Я много раз заходил к Сесиль, но не заставал ее дома. У меня были ключи, но пользоваться ими почему-то не хотелось. Я звонил — никто не брал трубку. Однажды вечером я снова отправился на набережную Августинцев — просто так, без всякой надежды, и мне повезло.

— Как хорошо, что ты пришел, Мишель!

— Ты исчезла. Я беспокоился.

— Отец ничего тебе не сказал?

— Он со мной не делится. Что происходит?

— Я еду с Франком.

— Что?

— Мы уедем.

— Я думал, ты…

— Я тоже…

— Это безумие.

— Я встречалась с другим адвокатом. Он настроен более чем скептически из-за этих новых военно-полевых судов. Франк в серьезной опасности. Нельзя допустить, чтобы он сел на пятнадцать лет за убийство негодяя и загубил свою жизнь.

— Ты загоняешь себя в ловушку.

— Вовсе нет. Я поеду с Франком, но смогу вернуться, когда захочу, никто мне не помешает. Мы выберем страну, откуда нет выдачи. Будем жить свободными в свободной стране. Мы снова обрели друг друга, понимаешь? Зачем отравлять себе жизнь, если можно быть счастливым? Мы не исчезаем, просто… переселяемся. Ты сможешь к нам приезжать. Твой отец и его друзья ищут корабль, на котором мы уплывем в Южную Америку. Из Роттердама.

— Когда?

— Скоро. Не знаю только, как быть с Пьером. Писать ему я не смогу, черкну несколько слов из Голландии, чтобы не беспокоился, мол, уезжаю на несколько месяцев. Но никаких лишних деталей, почту могут перлюстрировать. Осторожность лишней не бывает. Когда он вернется, ты все ему объяснишь. Я могу на тебя рассчитывать?

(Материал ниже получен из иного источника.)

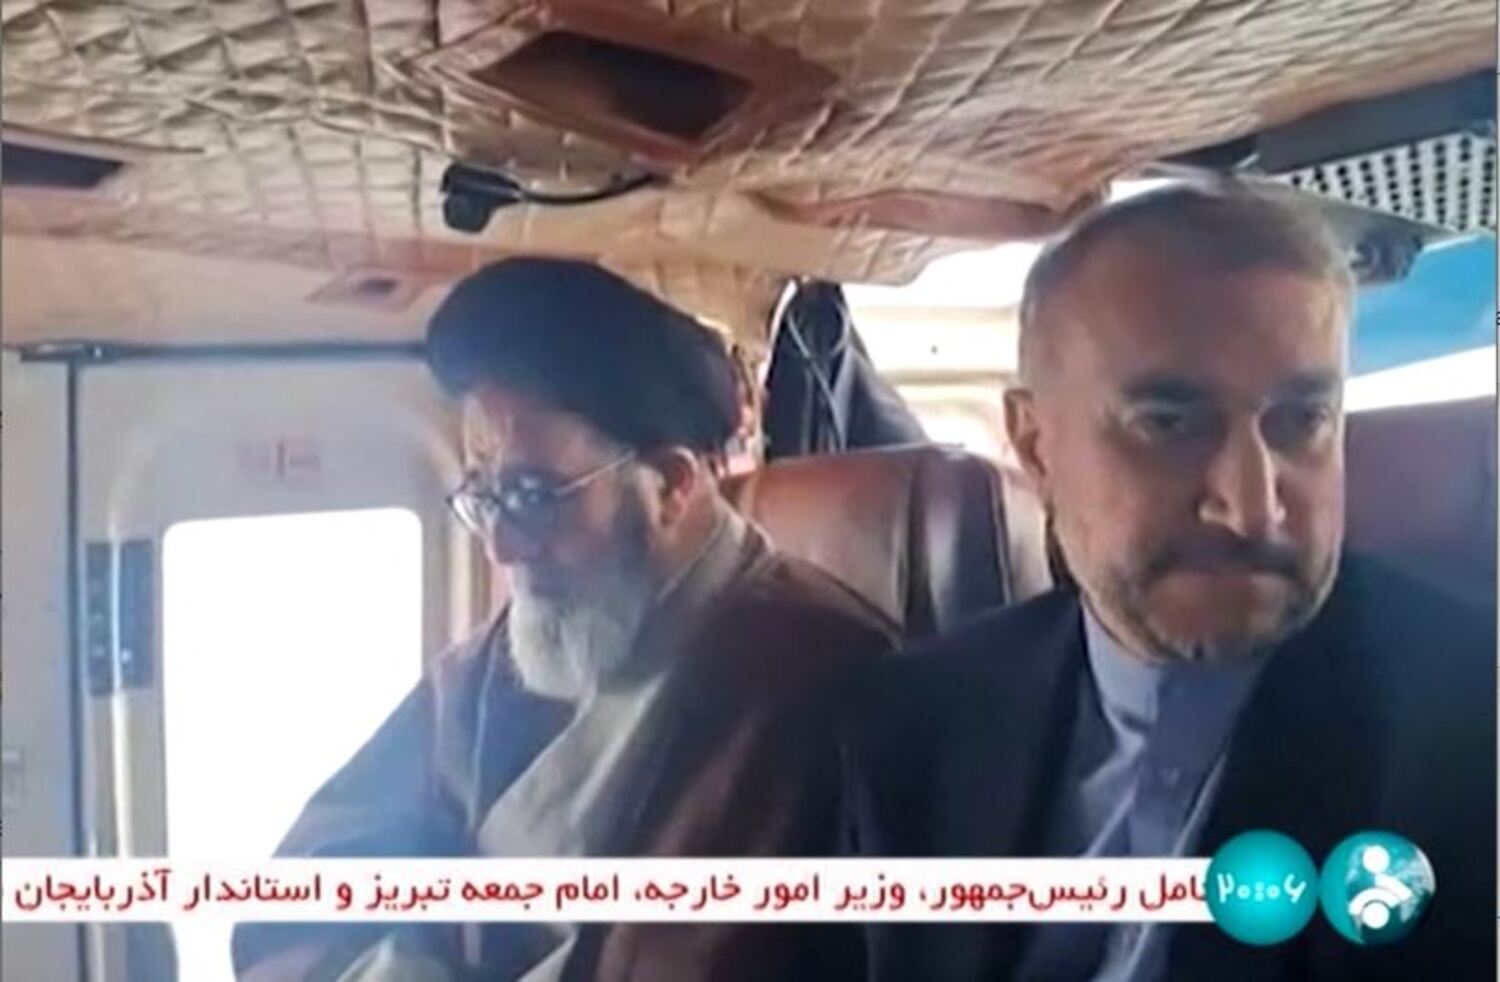  Captura de imagem de vídeo divulgado pela rede de televisão estatal iraniana IRINN mostra o ministro das Relações Exteriores da República Islâmica, Hossein Amir-Abdollahian (direita), a bordo de helicóptero na região de Jolfa, na província ocidental do Azerbaijão Oriental do Irã

Около двадцати двух часов Леонид вышел из зала отдыха для летного состава. Ему всегда нравилось смотреть, как приземляются самолеты. Два часа до встречи с Миленой. Он бродил по опустевшему залу аэропорта. Электромонтер тянул кабели, два столяра возились с рекламным щитом компании «Pan Am». На центральном информационном табло высветились данные завтрашних рейсов. Объявлений о прилете почтовых самолетов не было. Леонид миновал зону таможенного досмотра, вышел на бетонированную площадку и укрылся под козырьком. Стоявшие в ряд самолеты поблескивали серебром. Пошел дождь, но Леонид не мог удержаться, чтобы не взглянуть на новый «Super Constellation».[137] Он прислушался. С востока доносился знакомый гул. В темноте загорелись два желтых глаза, почтовая «Дакота» на мгновение зависла над полосой, зашуршала шасси по бетону и начала выруливать к ангару. К люку подъехал грузовичок, началась выгрузка почты. Леонид подошел ближе и узнал Жан-Филиппа, второго пилота, с которым успел подружиться. Он ждал, что вот-вот появится Милена.

— Как дела, Жан-Филипп?

— Попали в болтанку над морем. Самолет был перегружен.

— Как обычно.

— Ничего не поделаешь. Начальству плевать на наши возражения. Ощущение было такое, что мы попали внутрь гигантского барабана.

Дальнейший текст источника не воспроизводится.